The Fugue sustained an injury to her left foreleg during the Eclipse Stakes, and her retirement from racing was announced the following week. On the announcement of The Fugue's retirement, Lady Lloyd Webber said "It is impossible to describe how much fun The Fugue has given us over the last two and a half years... We feel incredibly privileged and lucky to have bred and owned such a magnificent filly and we look forward to her coming home to the stud for her second career".

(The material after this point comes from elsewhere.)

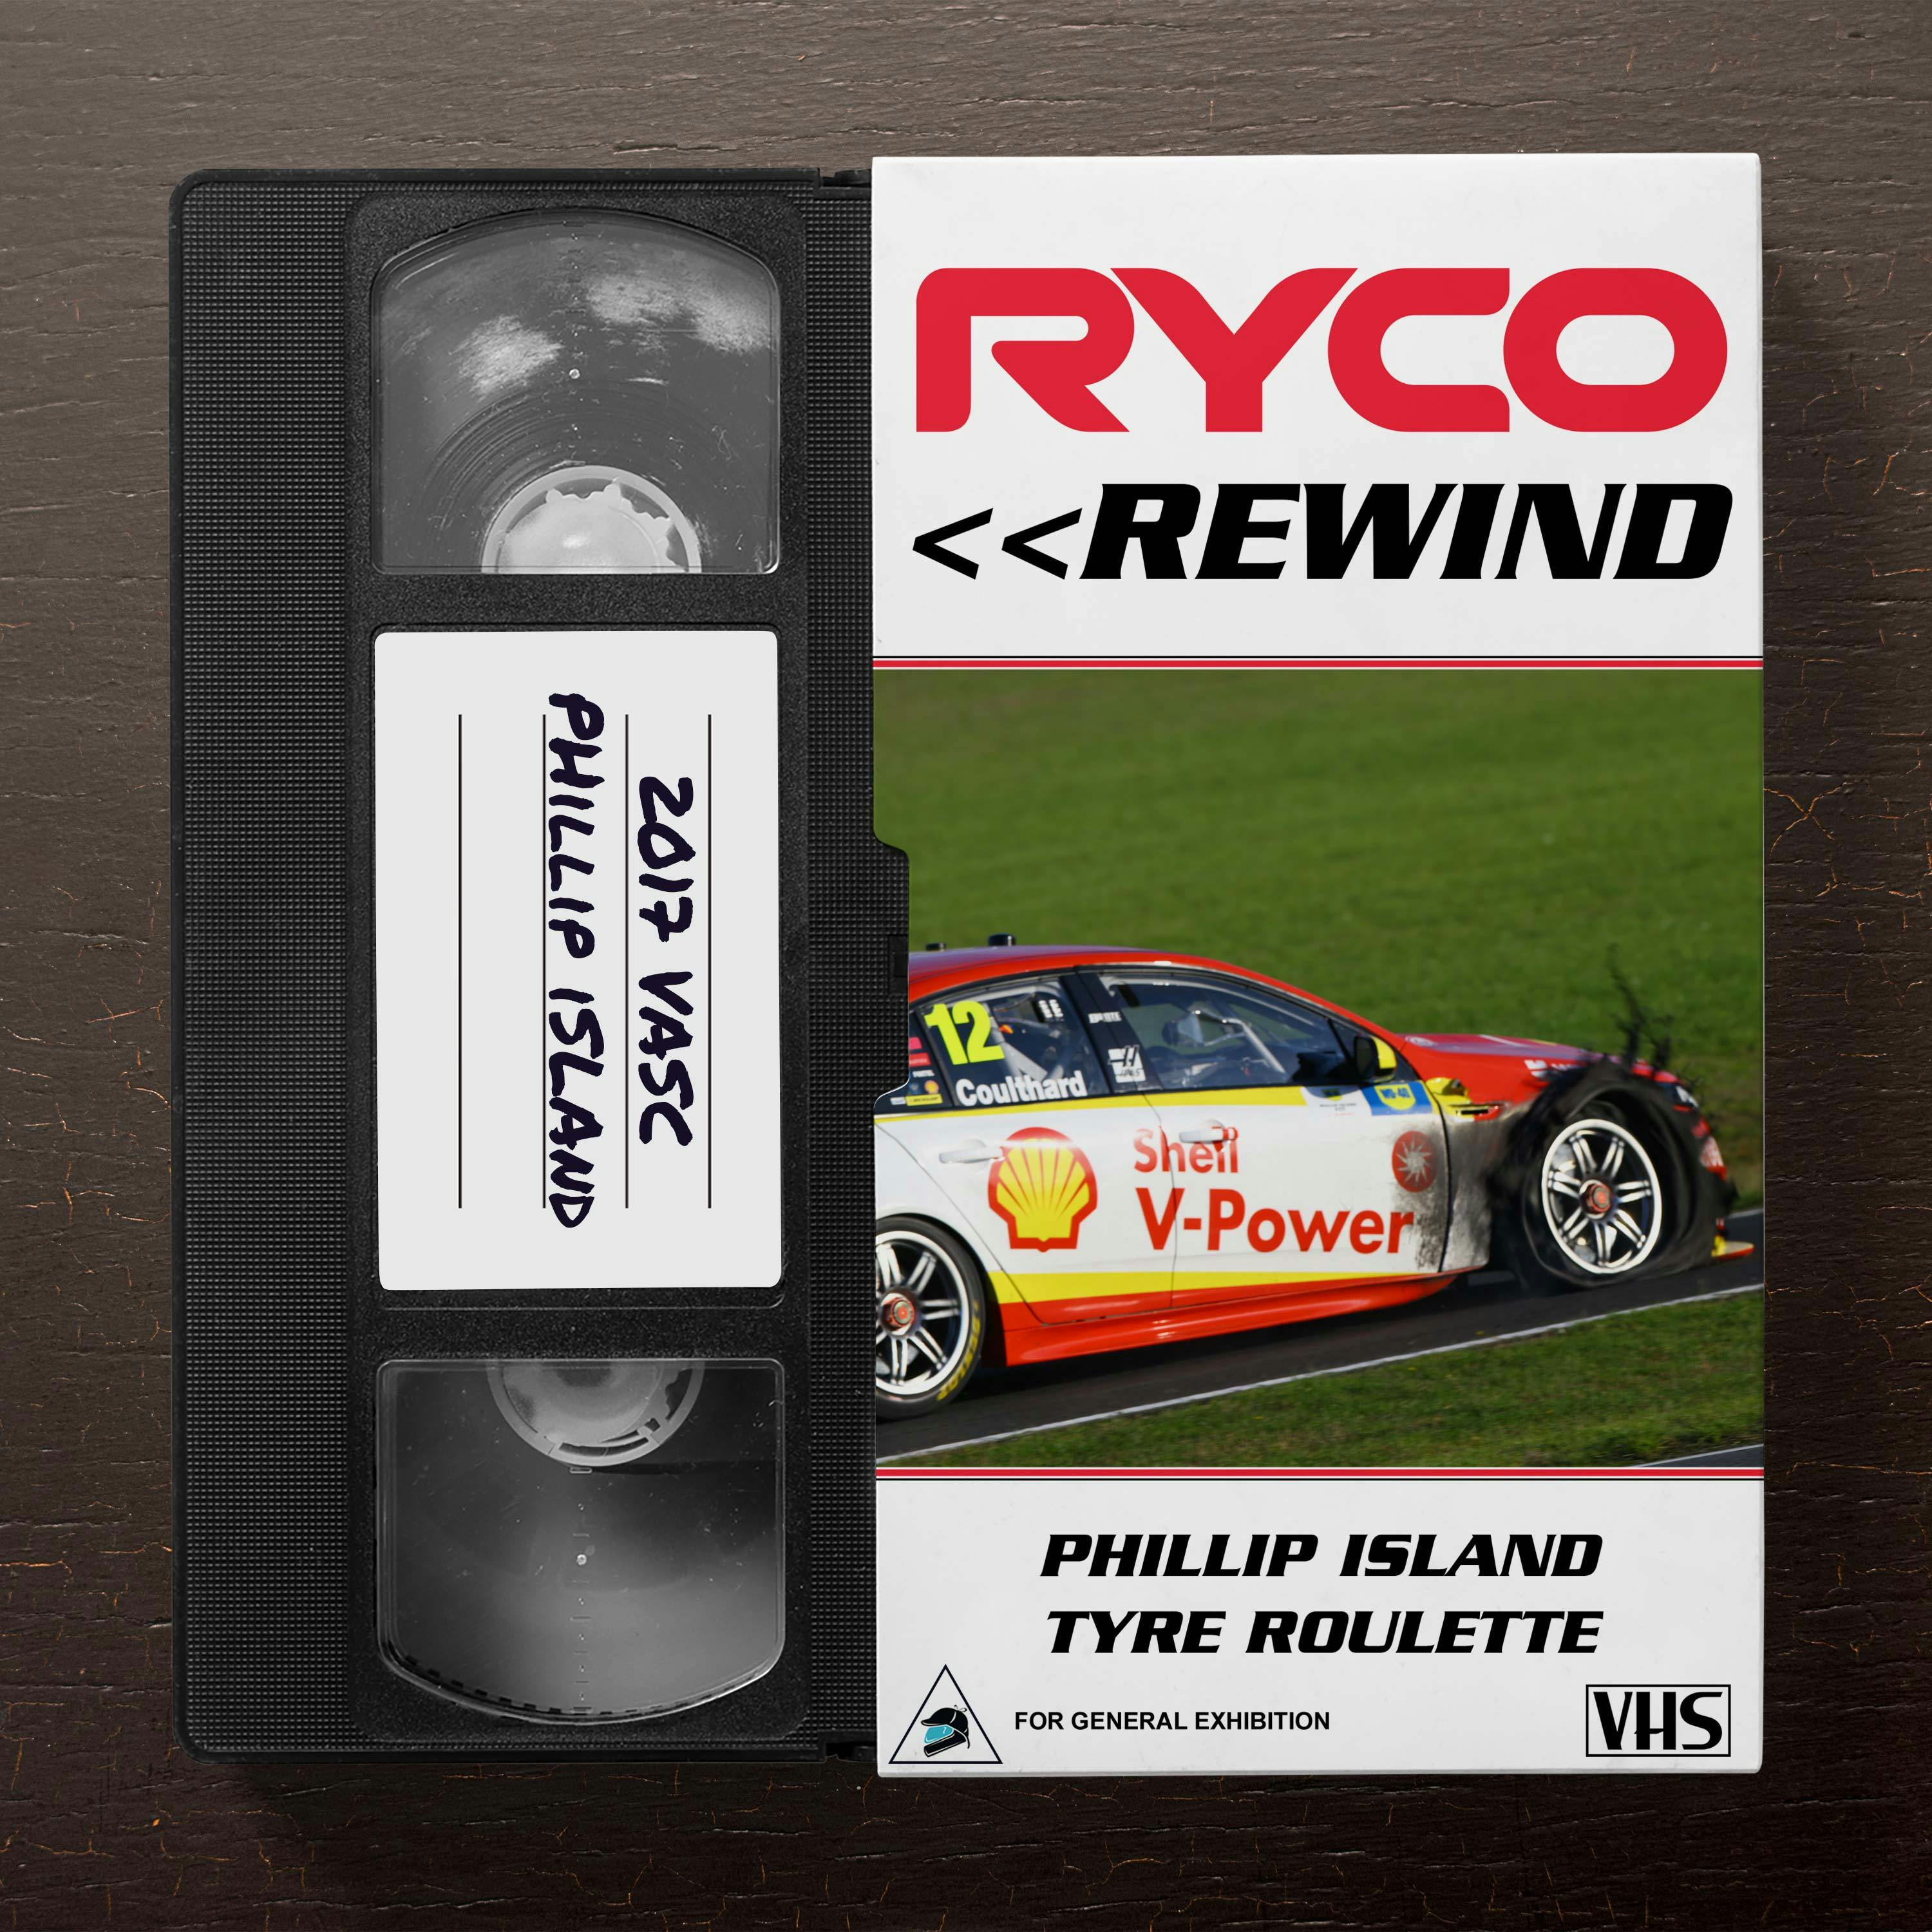 Ryco Rewind: Phillip Island tyre roulette

==Assessment and honours==
In the 2012 edition of the World Thoroughbred Racehorse Rankings, The Fugue was given a rating of 116, making her the 170th best racehorse in the world and the tenth-best three-year-old filly. At the Cartier Racing Awards, The Fugue was named Champion three-year-old filly, despite being rated below Valyra, Ridasiyna, Beauty Parlour, Great Heavens and Princess Highway in the official ratings. In the 2013 World's Best Racehorse Rankings The Fugue was rated the twenty-fourth best racehorse in the world and the best four-year-old filly.

==Pedigree==
The Fugue was bred by Watership Down Stud (Simon Marsh).

Pedigree of The Fugue (GB), brown filly, 2009
| Sire Dansili (GB) 1996 | Danehill (IUSA) 1986 | Danzig | Northern Dancer |
Pas de Nom
| Razyana | His Majesty |
Spring Adieu
| Hasili (IRE) 1991 | Kahyasi | Ile de Bourbon |
Kadissya
| Kerali | High Line |
Sookera
| Dam Twyla Tharp (IRE) 2002 | Sadler's Wells (USA) 1981 | Northern Dancer | Nearctic |
Natalma
| Fairy Bridge | Bold Reason |
Special
| Sumoto (GB) 1990 | Mtoto | Busted |
Amazer
| Soemba | General Assembly |
Seven Seas (Family 7-a)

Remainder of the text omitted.